Imagine building an autonomous drone, but the only way to see whether it avoids crashing is to send it flying. Or training a medical AI assistant and having to rely on real patients to test if it gives safe advice.
That’s the challenge facing today’s artificial intelligence developers: to evaluate whether an AI system works, you often have to put it into complex, unpredictable environments where mistakes can be costly — or dangerous.
Shangtong Zhang, the Alf Weaver Assistant Professor in the Department of Computer Science at the University of Virginia’s School of Engineering and Applied Science, has earned a National Science Foundation CAREER Award to rethink how AI agents — decision-making programs that act autonomously within an environment — are evaluated and improved. His grant project, “Revolutionizing the Evaluation of AI Agents with Online and Offline Data,” aims to create methods that are safer, faster and more scalable than current approaches while opening the door to broader participation in AI development.
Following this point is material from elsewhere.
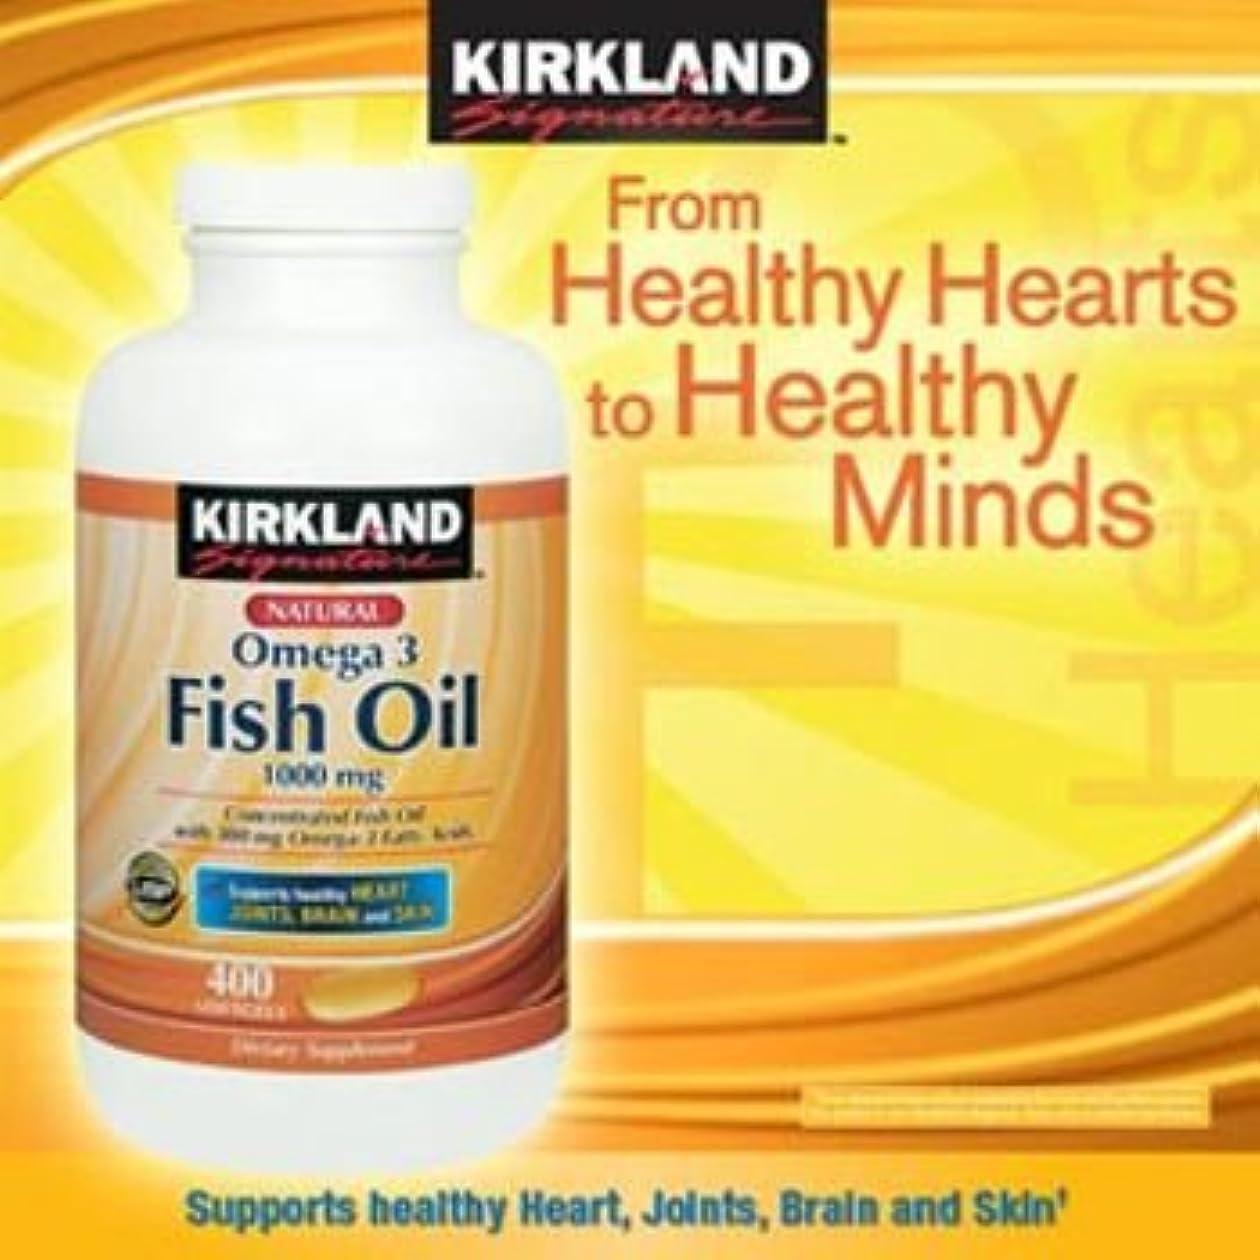 工業化する被る組KIRKLAND社 フィッシュオイル (DHA+EPA) オメガ3 1000mg 400ソフトカプセル 3本 [並行輸入品] [海外直送品] 3 Bottles of KIRKLAND's Fish Oil (DHA +...

There’s a growing need to understand what AI agents are truly capable of without having to learn the hard way.
“There’s a growing need to understand what AI agents are truly capable of without having to learn the hard way,” Zhang said.
Today, testing often means deploying AI systems in actual operating environments, often at limited scale, to observe how they behave under actual conditions. That could involve expensive robotic platforms, time-consuming simulations, or human-in-the-loop evaluations where people must oversee the AI and intervene as needed. In safety-critical applications such as health care, aviation or autonomous navigation, every test carries potential consequences. If an AI fails even in a simulation — say, a virtual drone crashes into an object — it may expose a vulnerability that would be catastrophic in real deployment. Yet not every failure is obvious or immediate, and some flawed systems are still moved forward because the failures seem minor or context-dependent, like a drone’s obstacle detection system struggling in low-light conditions.
These risks aren’t only a challenge — they are also a huge bottleneck. As AI systems grow more powerful and complex, traditional testing methods can’t match the speed of development or the variety of situations that agents must handle. Progress stalls while researchers wait for test results, review human feedback or reset expensive equipment. Zhang’s research offers a different path: smarter, faster algorithms that estimate performance with far less dependence on real-time, high-risk deployments in costly or sensitive environments. By reducing wait times and limiting the need for constant hands-on testing, his methods help AI development keep pace with innovation.
The heart of his work lies in combining the strengths of offline data — such as previously collected test runs or simulations — with carefully chosen online tests that maximize insight. This fusion allows developers to evaluate agents more accurately and efficiently while sidestepping the resource burden of constant real-time testing.
Zhang’s team is advancing three tightly connected research strategies:
- Leverage past data to test new systems more efficiently
Zhang reimagines Monte Carlo methods, a class of statistical tools used to estimate AI performance, by using previously collected offline data to guide new test samples. This approach dramatically reduces the number of expensive or risky evaluations needed to understand how well an AI system is performing overall.
- Dive deeper into AI agents’ behavior
Rather than providing only a high-level summary of performance, Zhang’s work in value function learning — an approach that estimates the long-term benefit of taking certain actions in different situations — enables a more comprehensive view of how AI agents behave. This is critically important because it moves beyond a simple scalar metric — a single-number score like accuracy or reward total — to a deeper understanding of an agent's decision-making process. This granular insight is essential for building safer and more reliable AI by revealing the specific conditions under which an agent might fail.
- Use fewer people to collect useful human feedback
Some AI agents rely on human input, such as ranking responses or judging behavior, to learn what constitutes success. But gathering this feedback can be slow and labor-intensive. Zhang is developing reward modeling techniques that deliver high-quality guidance using fewer human ratings, helping to lower costs and streamline training. These models can learn patterns from a small number of human preferences and generalize them to similar scenarios, enabling agents to improve while still aligning with what people value — such as clarity, safety or helpfulness. This reduces the burden on human testers without sacrificing quality or oversight.
We can make AI development safer, faster and more accessible.
“By reducing the need for constant oversight, physical testing and massive datasets, we can make AI development safer, faster and more accessible to a wider range of researchers and organizations,” Zhang said.
These innovations do more than speed up development — they also make the entire process more scalable. Instead of building large teams or deploying complex hardware to test every iteration, developers can reuse data, prioritize high-impact scenarios and integrate meaningful feedback with minimal friction. That opens the door for smaller labs, startups or new academic groups to contribute to AI research without needing huge infrastructure.
In addition to advancing the technical state of the field, Zhang’s CAREER Award project also supports educational goals. He plans to integrate these research activities into graduate and undergraduate courses and provide mentorship opportunities that help prepare students for careers at the forefront of AI and machine learning.
Zhang joined UVA in 2022 and leads the Sequential Intelligence Lab. He earned a doctorate from the University of Oxford, a master’s degree in science from the University of Alberta and a bachelor’s degree in science from Fudan University.